Elementary school (scuola primaria/scuola elementare) then lasts for five years. It is followed by three years of middle school (secondaria di primo grado/scuola media), after which the teenagers have the possibility to attend a secondary school/high school (superiori). There are two possibilities, which end with the graduation diploma (esame di stato) giving access to universities: Grammar/high schools (licei) and technical secondary schools (istituti tecnici) specializing in particular subjects. After middle school, it is also possible to choose a vocational school (istituto professionale). These schools offer a formation for a special qualification and last between 3–6 years.

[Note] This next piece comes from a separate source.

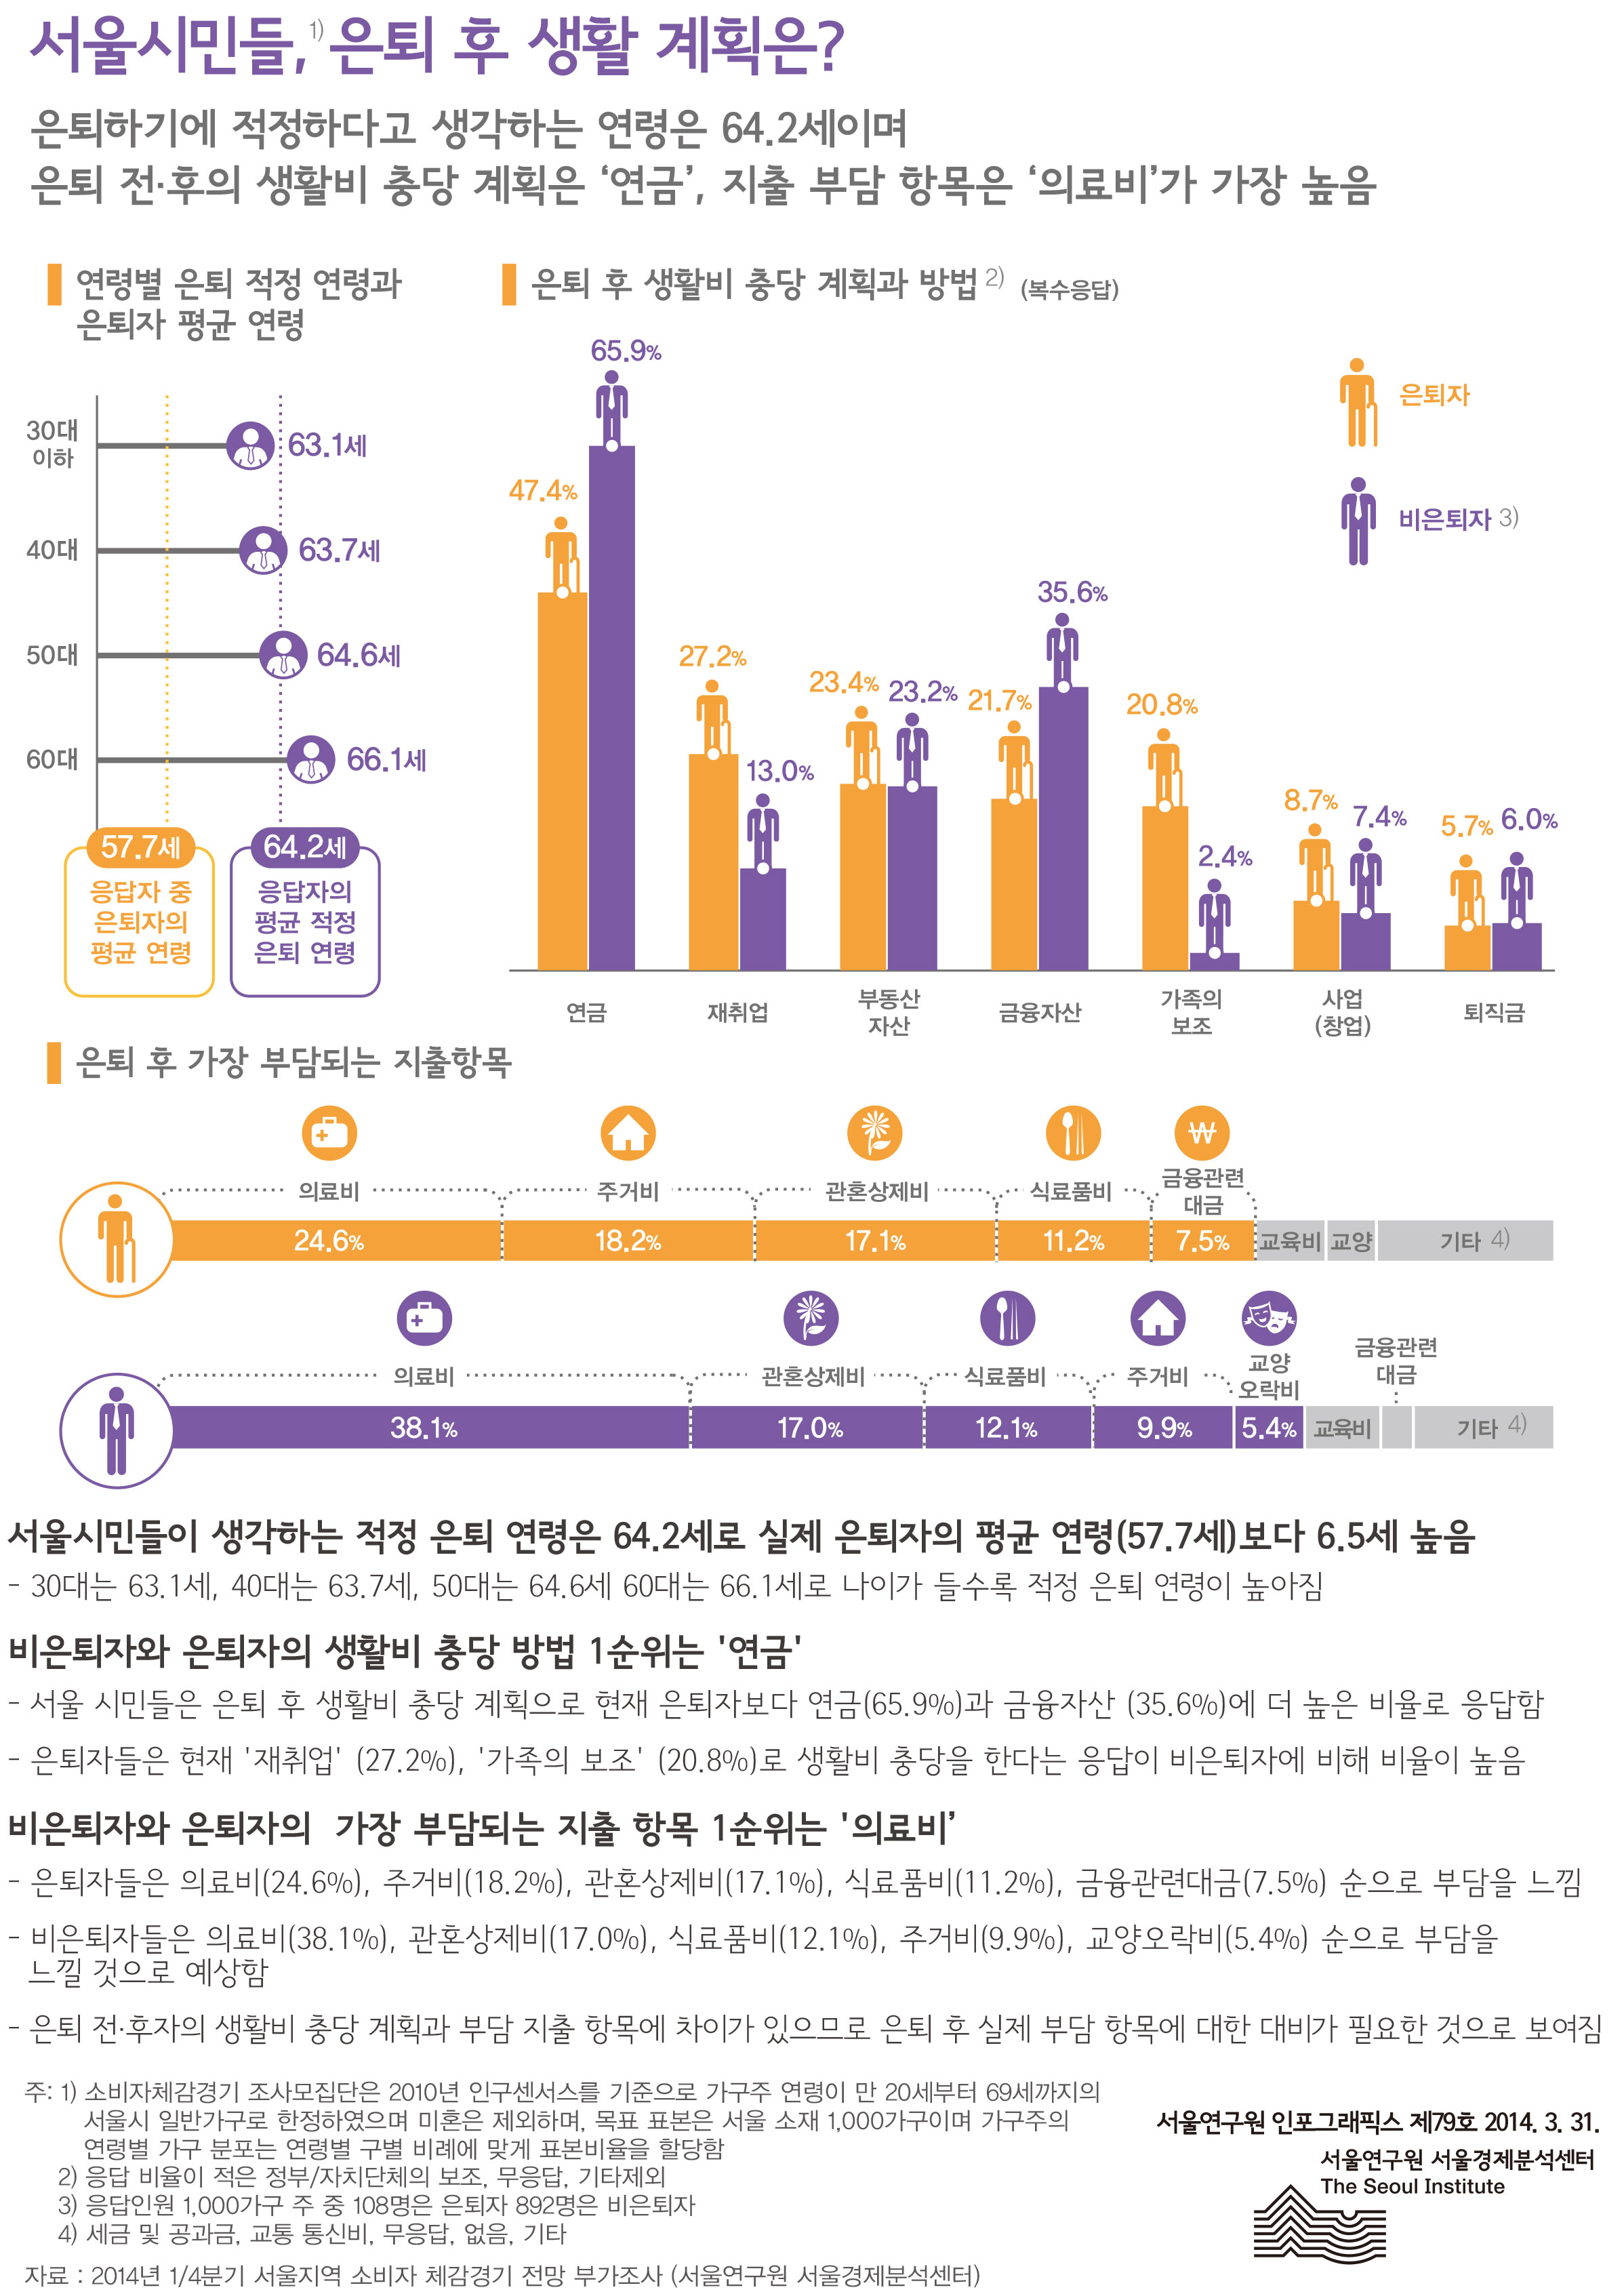 서울시민들, 은퇴 후 생활 계획은? 서울인포그래픽스 제79호 2014년 3월 31일 은퇴하기에 적정하다고 생각하는 연령은 64.2세이며 은퇴 전·후의 생활비 충당 계획은 ‘연금’, 지출 부담 항목은‘의료비’가 가장 높음으로 정리될 수 있습니다.

Attention must also be paid to the distribution of the Italian school holidays: there aren’t very many days off from school throughout the school year apart from the obligatory 2 weeks Christmas holidays – but summer holidays are longer than three months. This is why working parents often make use of the broad range of summercamps (also called grest). They partly take place in the facilities of public or private schools or they are located in sports facilities, church organisations or other places, depending on the main topic of the camp – like physical education, language, animals… They are at the user’s expense. Prices vary according to the type of summercamp.
Since 2017 there is a new law regarding compulsory vaccinations: if a child wants to attend nursery school or any other school in Italy, their vaccination certificate has to be shown to prove 12 obligatory vaccinations. At the moment it is not possible to attend nursery school without these vaccinations. A fine of 500 euros per child (up to age 16) and per year has to be expected at schools in general, if the 12 obligatory vaccinations can’t be proved. At least in theory, if the latest laws will really be applied, is another question.